Hay un mínimum de armonía entre la utilidad del individuo y la de la sociedad, a que se llama honradez legal; el que no llega a este mínimum, el que no ve más que su utilidad y prescinde de la de los otros ostensiblemente y en materia grave, se llama delincuente e incurre en responsabilidad criminal. El que pasa de este mínimum, a medida que prescinde de la utilidad suya para no pensar sino en la de los otros, es bueno, excelente, heroico, sublime, va recorriendo todos los grados de la abnegación hasta llegar al sacrificio, y el aprecio y el respeto y el amor que inspira están en proporción del olvido que hace de su propio bien para tener presente sólo el de los demás. La conciencia, el corazón y la razón de la humanidad miden la excelencia moral de los hombres por su abnegación, y todo el que ha procurado llegar a la raíz de las acciones perversas ve en los criminales grandes y ciegos egoístas.

Así, pues, enseñando al niño a tener por regla de conducta su interés personal, por acción buena la que le produce provecho, y por mala aquella de que le resulta daño, se le darán reglas para la vida que podrán llamarse prudentes, útiles, pero no se le enseña moral. Y es lógico y notable que en esta parte de la obra que vamos examinando no recordamos haber leído una sola vez la palabra conciencia. Se supone, sin duda, que no la tiene el niño, porque entre los motivos que han de influir en su conducta no se habla de remordimientos ni de las satisfacciones interiores que resultan de hacer mal o de hacer bien.
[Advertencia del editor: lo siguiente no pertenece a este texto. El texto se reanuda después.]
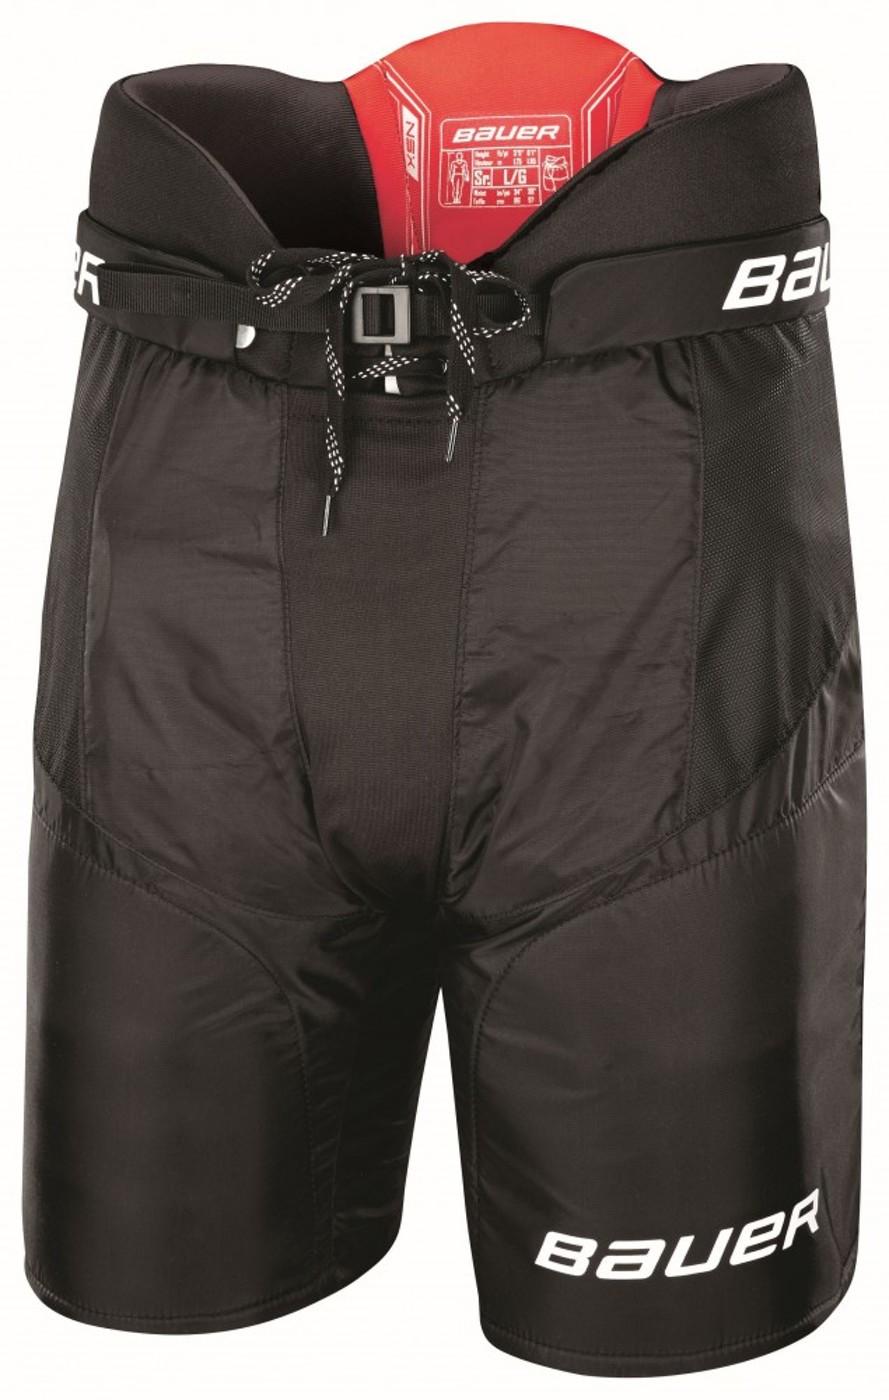 BAUER NSX PANTS - SR

Todas las reglas que da Spencer tienen carácter negativo: que el niño no juegue con el fuego, porque quema; no haga esperar para salir a paseo, porque se quedará en casa; no pierda su navaja, porque se encontrará sin tener con qué cortar; no hurte, porque tendrá que restituir, incurriendo además en la reprobación y el enojo de sus padres. Ciertamente, no hacer mal es lo primero, pero no es lo único; el hombre que a esto se limita nadie le querrá para amigo, y la sociedad compuesta de tales hombres sería más para huida que para buscada. El que se concreta, pues, a la parte negativa; el que no procura que el niño sea activo para el bien, ni da reglas ni hace indicación alguna respecto del modo de estimular y ejercitar sus buenos instintos y generosos impulsos, no diga que le educa moralmente, sino que le mutila de la manera más lastimosa. Insistimos, pues, en que no hay exactitud en el título de la obra de Spencer, puesto que la educación moral que está en él no se halla en el libro, y el capítulo que de ella pretende tratar contiene reglas que podrán llamarse de prudencia, cálculos que podrán calificarse de útiles, máximas que podrán ser tenidas por provechosas; máximas, cálculos y reglas que es posible que coincidan alguna o muchas veces con la moral, pero que no son la moral, ni lo serían aunque coincidiesen siempre, porque hay que distinguir las circunstancias, aunque sean inseparables de un fenómeno, y sus consecuencias, aunque sean inevitables, de SU RAÍZ, DE SU ESENCIA.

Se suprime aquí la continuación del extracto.